Silberkleit was born and raised in New York and received a B.A. from Stony Brook University where she focused on printmaking. She was the artistic director of The Rod and the Rose Puppet Theatre, which performed throughout the Northeast. She has sold puppets and fabric collages in craft festivals. Silberkleit received a Certificate in Natural Science Art and Illustration from The New York Botanical Gardens. The technical nature of that work prompted her to return to drawing and lithography. Her lithographs and drawings have been in juried shows, galleries and museums. She is a member of Longyear Gallery in Margaretville, N.Y. and The Society of American Graphic Artists. 

Joyce Washor:

Joyce Washor lives and works in Woodstock, NY. She received a BFA from Rutgers University and further instruction at The Woodstock School of Art  and The Art Students League.  Joyce has been featured in Workshop Magazine, Leisure Painter Magazine, International Artist Magazine and multiple articles in American Artist Magazine.
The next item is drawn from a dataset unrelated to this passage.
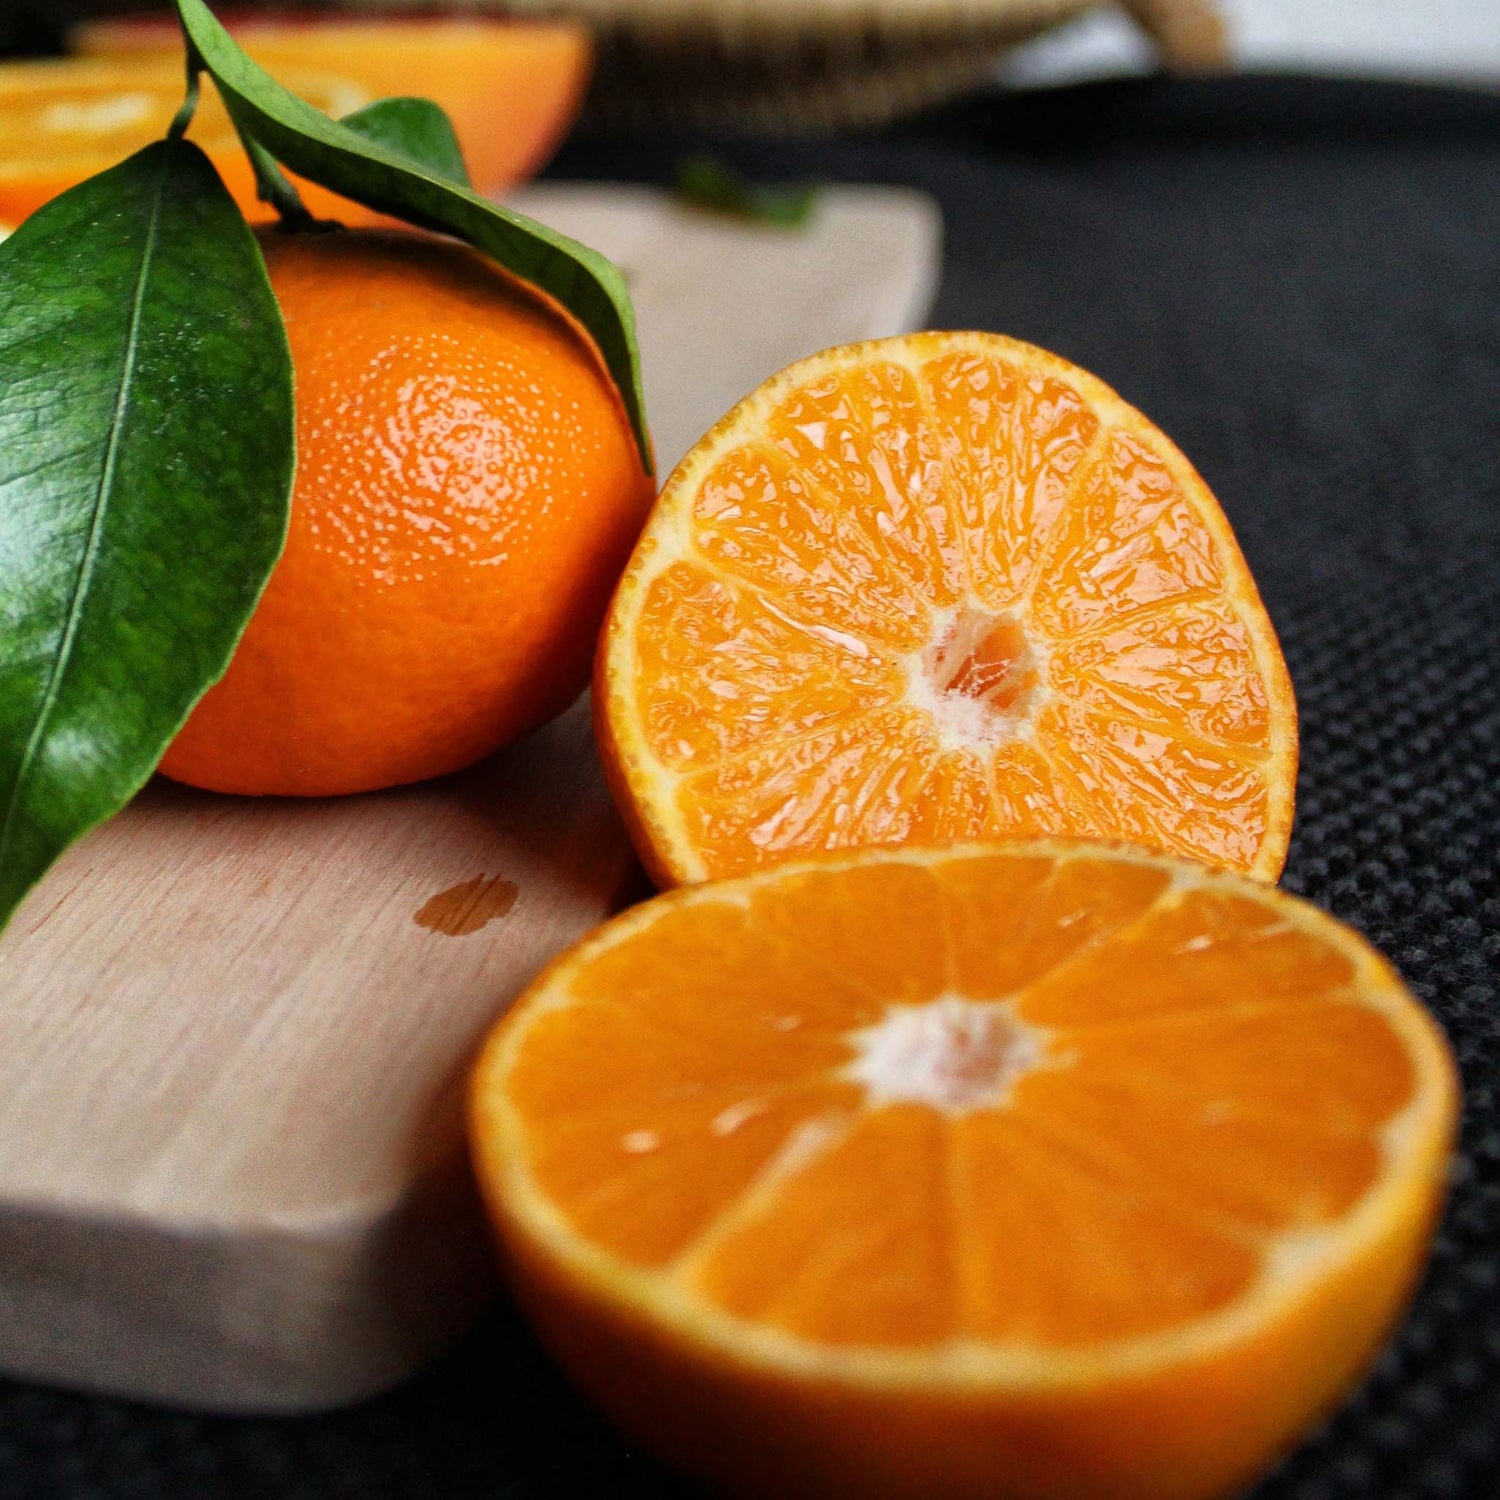 Sliced mandarins on cutting board.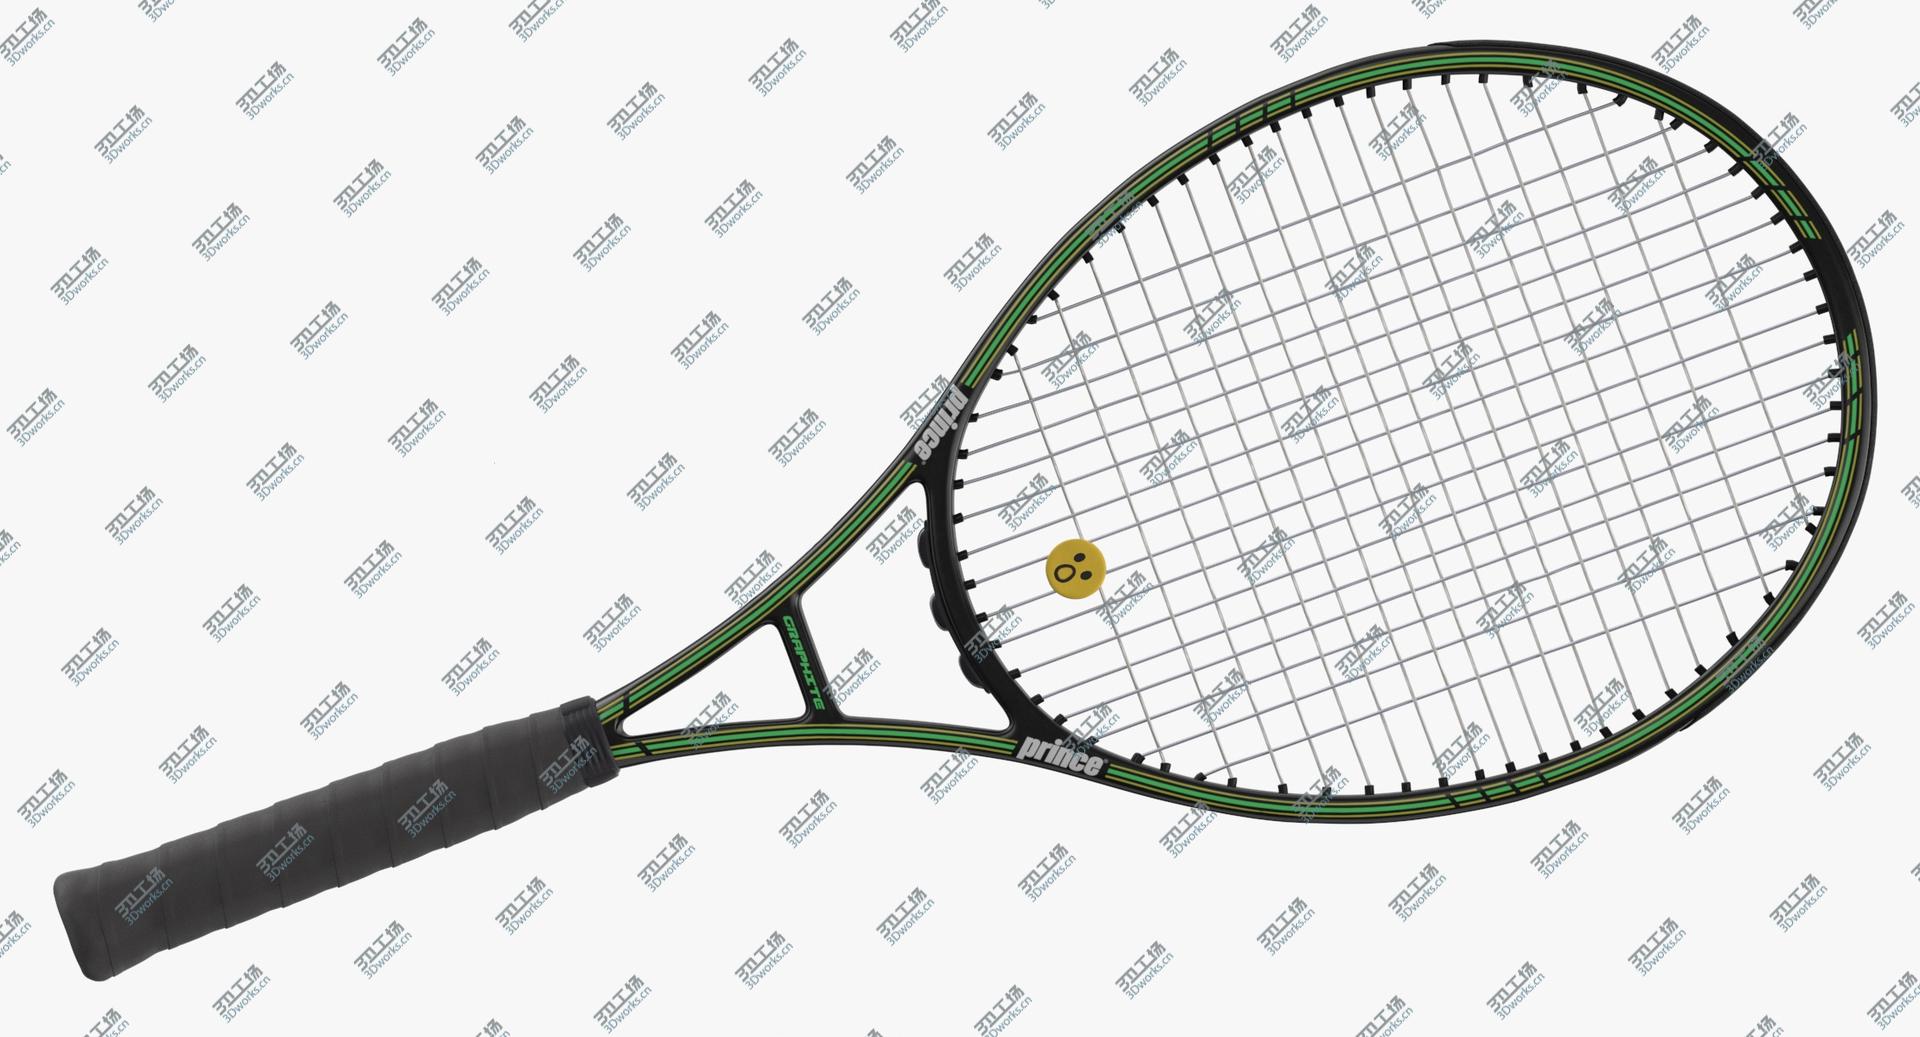 images/goods_img/2021040234/3D Tennis Racket model/2.jpg

She is the author of Big Art, Small Canvas published by North Light Books, 2006 and its updated edition Think Big, Paint Small, 2016. She self published four eBooks: Watercolor Harmony, The Tao of the Complementary Palette, 2012, Oil Painting Harmony, The Tao of the Complementary Palette, 2013 and  Easy Painting, Learn to Watercolor with 3 Colors, 2014.  Joyce has been collected nationally as well as in Israel and Japan. She is represented by Mark Gruber Gallery in New Paltz, NY. and Wired Gallery in High Falls, NY.  She served on the WAAM board as secretary from 2014-2019. Joyce teaches watercolor to individuals and groups in her home studio.

Crystal Yang:

Originally from Taiwan, Yang graduated from Chinese Culture University with a major in Western painting, and later, came to the United States to earn an MFA in painting from Radford University and a Ph.D. in art education from University of Georgia. In 2018, after spending 14 years as an art professor at the University of North Dakota, Yang moved to Poughkeepsie, where she now works as an independent artist in the scenic Hudson Valley. For thousands of years, Chinese scholars and artists have nostalgically pursued spiritual life in the mountains. Away from the mundane world, they have searched for an ideal life in unity with nature—as did 19th-Century American writers Ralph Waldo Emerson and Henry David Thoreau, along with the Hudson River School painters. For Yang, residing in the Hudson Valley is, in some ways, the realization of an idyllic life too. She therefore created a series of Neo-Hudson River paintings to reflect my new life in the scenic Hudson Valley.